Не в тюрьме по камере вышагивал сейчас Фока Коромыслов, не лежал где-нито в траве, истекая кровью, слушая приближающиеся шаги тех, кто искал его почитай что с двадцать третьего года. Он сидел в доме Никона Евсеевича Сыромятова на втором этаже, в комнате, где иконы на стене, а рядом с ними в кепке Ленин с хитрым прищуром глаз, где кровать с высокими чугунными ножками, отлитая еще дедом Никона Евсеевича в деревенской кузнице, где этажерка, а на ней навалом журналы и газеты вроде «Бедноты».

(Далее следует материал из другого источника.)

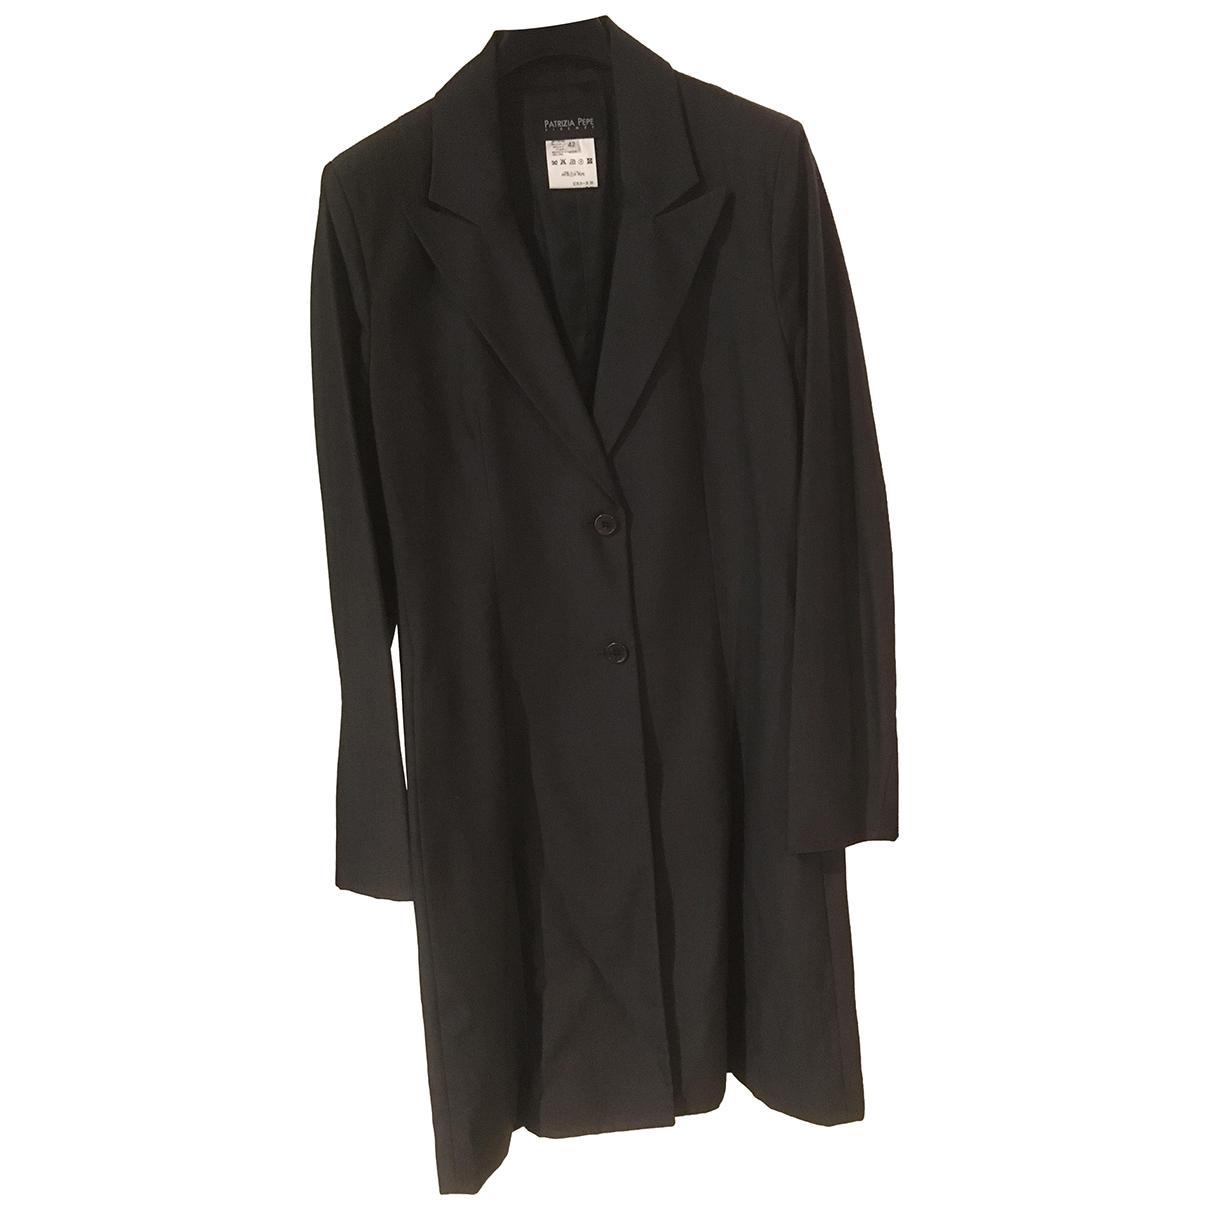 Patrizia Pepe - Robe   pour femme en laine - anthracite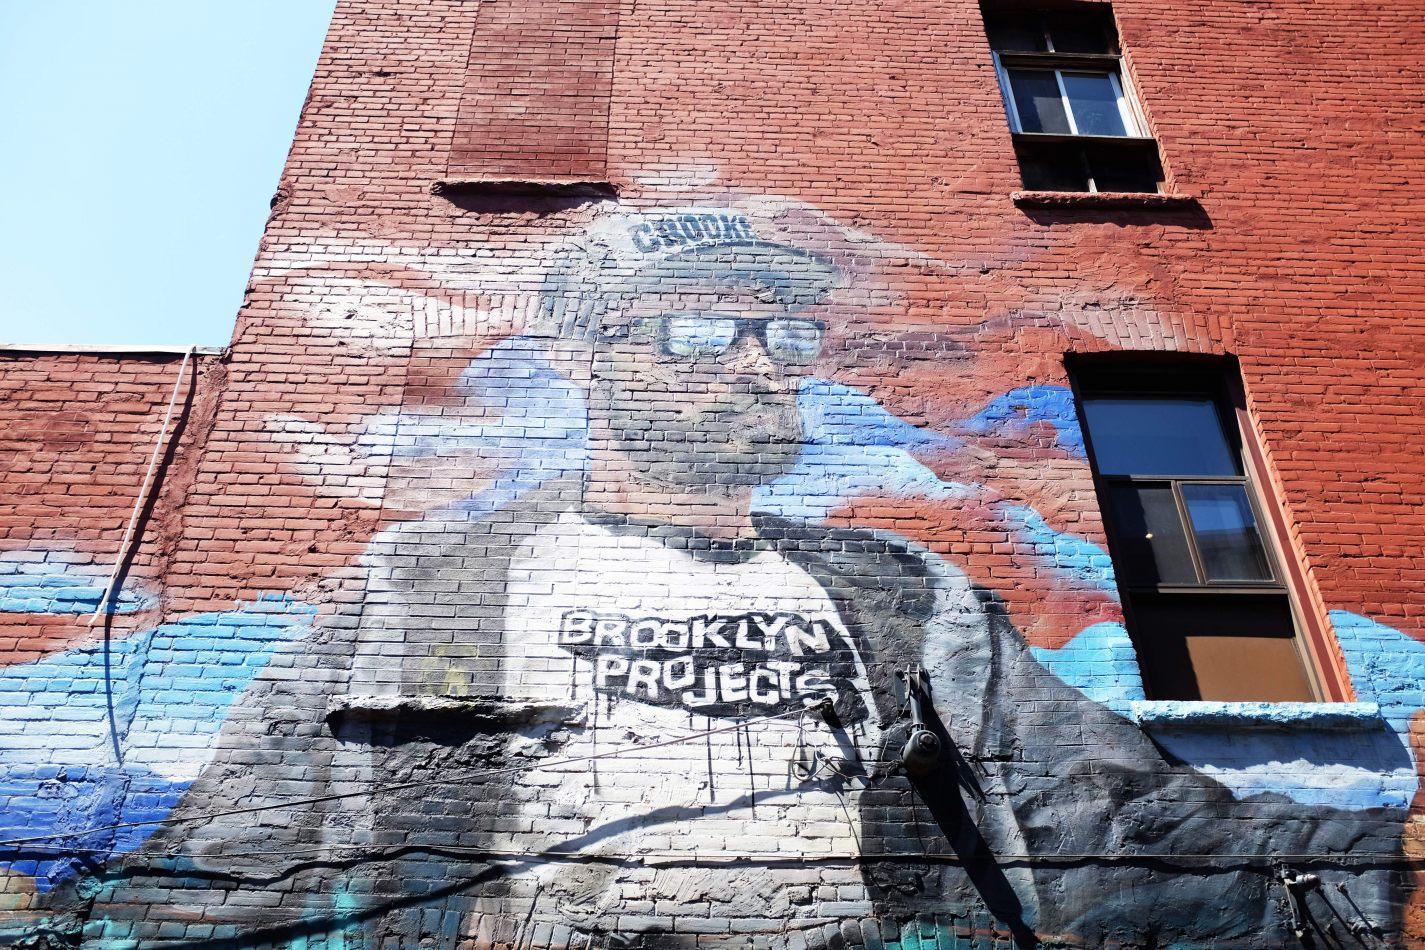 Hibiscus & Nomada : Canada - Brooklyn Projects

Он сидел за столом — коренастый, крепкий, как корень, вытянув безмятежно и покойно ноги в высоких русских сапогах; руки крестом на груди, черный пиджак был распахнут, под ним толстовка. На столе лежала запыленная фуражка с желтым кожаным козырьком, точно выпаянным из латуни. Сквозь волосы на голове четко проступала загорелая кожа черепа — так проступают сквозь стерню скошенного поля борозды земли. Под глазами — темнота усталости. Но весел и беспечен Фока. Поглаживал бутылку — высокую, с гранеными боками, с диковинной яркой наклейкой — корабль под парусами летел по морю. Поглаживал и посматривал на сидящую напротив Валентину, а та — вот чудеса, — и когда успела так быстро приодеться — в цветастом платье, с бантом на груди, в волосах кокосовые и каучуковые заколки, на обеих руках по браслету. Как в ожидании сватов, не иначе.
Рад и не рад бывает Никон Евсеевич гостю. Рад, потому что есть с кем откровенно, без страха выложить ненависть на Советскую власть. Да и вспомнить есть с кем те времена, когда казалось, что Советской власти осталось два дня править. Это там было, в Рыбинске, в восемнадцатом году.
Несколько лет тому назад, освобожденный по амнистии, осенней ночью заявился к нему Фока. Пили тогда брагу, нагнанную к покрову. Очумели, переплелись словами, переплелись в объятьях — так довольны были встречей. И шел разговор о прошлом. Выступил в памяти Никона Евсеевича мужичок, ротный кашевар, из псаломщиков, острогрудый такой, хилый с виду, хоть и длинный, как стручок. Вместе с Фокой дезертировал из запасного полка в отряд Саблина под Кострому.
— Нашел кого вспомнить, — приятно улыбнулся Фока. — Вместе пошли сдаваться в волость. Иду за ним, смотрю — уши торчат, как у худородного пса, и шея, как у мальчонки, тонка для головы. Как возьмут, подумал, за нее власти, так выложит про наши отрядные дела. Шел сзади, поднял карабин и — три пули... Как шел, так и упал, не оглянулся даже. Как будто того и надо было ему. И слова не вякнул даже. Его карабин сдал в волость председателю... Ну вот, а ты вспомнить вздумал...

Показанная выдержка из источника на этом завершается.